Очевидно, что автор Книги Экклезиаста ставил перед собой определенные политические задачи. С ними связаны и житейско-педагогические мотивы Книги. Но любом случае ее текст вышел далеко за рамки как политической злобы дня, так и прописных житейских истин. Так что Книгу Экклезиаста можно в то же время рассматривать как собственно философский текст, и по сей день не утративший своей философской значимости. Сохранились возражения еврейских богословов Талмуда против включения книги Экклезиаста в состав Библии (Шаббат, 30 б). О ней прямо говорилось, что она содержит еретические воззрения (Вайикра рабба, 28 а) [38, с. 16]. «В ряде мест в Книге Екклезиаста действительно выступает философ, ученый, причем ума трезвого и отважного, ума ищущего и способного радикально мыслить по самым серьезным проблемам мироздания и человеческого бытия, не боясь конфронтации с веками утвердившейся, освященной религией, традиционной мудростью» [153, с. 218].
Во всяком случае, формулировка: «Непознаваема суть вещей. Не выразить ее никакими словами. Не может глаз ее рассмотреть. Не может ухо ее расслышать» (1.2-3) - это именно философия в чистом виде, а никак не богословие, не «расхожая народная мудрость» и не жреческая спекуляция.
Как мы ранее убедились, автор Книги Экклезиаста в своих социально-политических взглядах придерживался принципа «золотой середины». Он одинаково осуждал «крайности». Этой же «серединной» позиции он придерживался и в более общих вопросах. В частности, в книге разбросаны прямо противоположные высказывания: «Сетование лучше смеха; потому что при печали лица сердце делается лучше (7:3). И похвалил я веселие; потому что нет лучшего для человека под солнцем, как есть, пить и веселиться (8:15)» и т. д. В результате возникает ощущение напряженного диалога, в котором каждый читатель может найти для себя мудрость по вкусу. Но если этот читатель склонен к философии, то он может попытаться понять глубинный смысл этих видимых противоречий.

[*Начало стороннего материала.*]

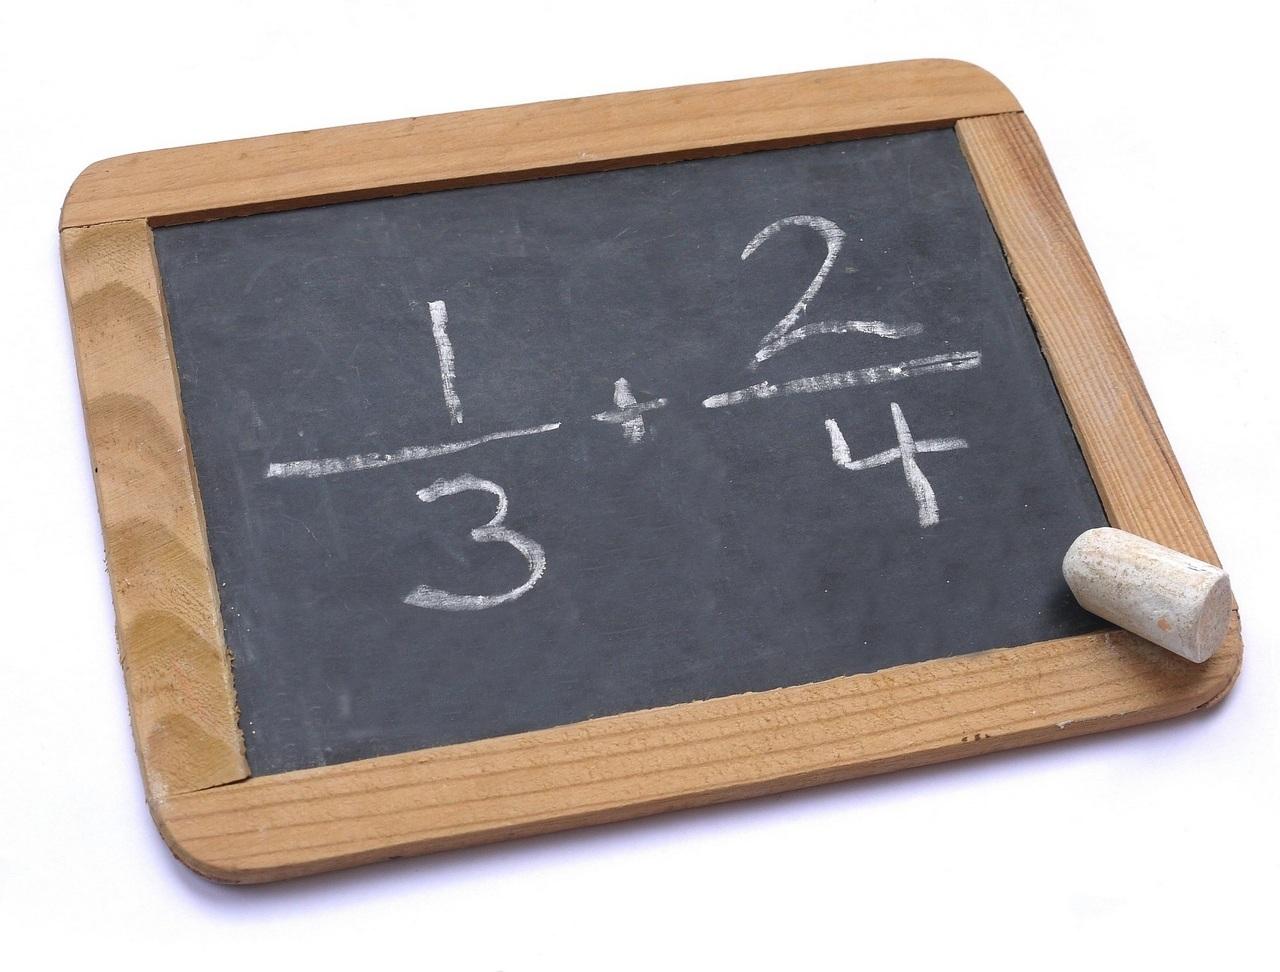 Apprivoisez les Fractions avec le nouveaux tome des Maths Apprivoisées

«В ряде мест автор высказывает совершенно противоположные мнения. То он восхваляет мудрость в духе Притч, заверяя, что “мудрость лучше, чем богатое наследство”, потому что “она дает жизнь владеющим ею” (7:11-12; 8:1-2 и в др. местах), то издевается над мудростью, которая ведь не может принести счастья, ибо “во многой мудрости много печали, и умножающий мудрость умножает скорбь” (1:18). То автор как будто превозносит благочестие: “ бойся Бога и храни заповеди его… ибо всякое дело Бог приведет на суд” (12:13-14), “соблюдающий заповедь не знает беды” (8:5), то высмеивает чрезмерную праведность: “Не будь очень праведным и не слишком мудрствуй, зачем тебе разрушать себя” (7:16). В ряде мест автор как будто завидует мертвым: “И почел я мертвых, что уже умерли, счастливее живых, которые еще живут” (4:2); “И возненавидел я жизнь…” (2:17). Но вслед за этим, сам себе противореча, автор восславляет жизнь, заявляя, что “…и псу живому лучше, чем мертвому льву” (9:4). Автор Книги Экклезиаста, по выражению Ренана, как бы жонглирует словами и мыслями и предстает перед читателем то в роли ни во что не верящего пессимиста и скептика, то в роли искренне верующего, ведущего трагическую борьбу со своими сомнениями» [153, с. 194-195].
М. И. Рижский называет подобную противоречивость Книги Экклезиаста ее «странными особенностями». Однако сам же весьма удачно продолжает: «А пока отметим: через все сочинение проходит, многократно повторяясь, одна и та же мысль, которая автору показалась, видимо, настолько важной, что он с нее и начал сове изложение и тем самым как бы озаглавил его: “Суета сует и все суета”. Здесь следует сделать небольшое отступление. Славянским словом “суета” в русском синодальном переводе передано стоящее в оригинальном еврейском тексте слово “хебел” (hebel), и передано неудачно. …В ветхозаветных частях Библии в оригинальном тексте это слово в разных контекстах имеет значения: “нечто ничтожное”, “нестоящее”, “пустое”, “бессмысленное”… В нескольких местах Книги Экклезиаста к “хебел” добавлены еще два слова, которые в синодальном переводе переданы “томление духа”: “суета сует и томление духа” (1:14, 2:11, 2:17, 2:26, 4:4, 6:9). Но правильный перевод этих двух слов - “погоня за ветром” или “ловля ветра”. …Таким образом, выражение “суета сует” будет иметь смысл: “все тщетно, напрасно, бессмысленно; ни в чем нет смысла”, так же как погоня за ветром. Эти слова, которыми автор Книги Экклезиаста начал свое произведение, в сущности, были предварительным ответом на основной вопрос, поставленный в ней: в чем смысл человеческой жизни?» [153, с. 195-196].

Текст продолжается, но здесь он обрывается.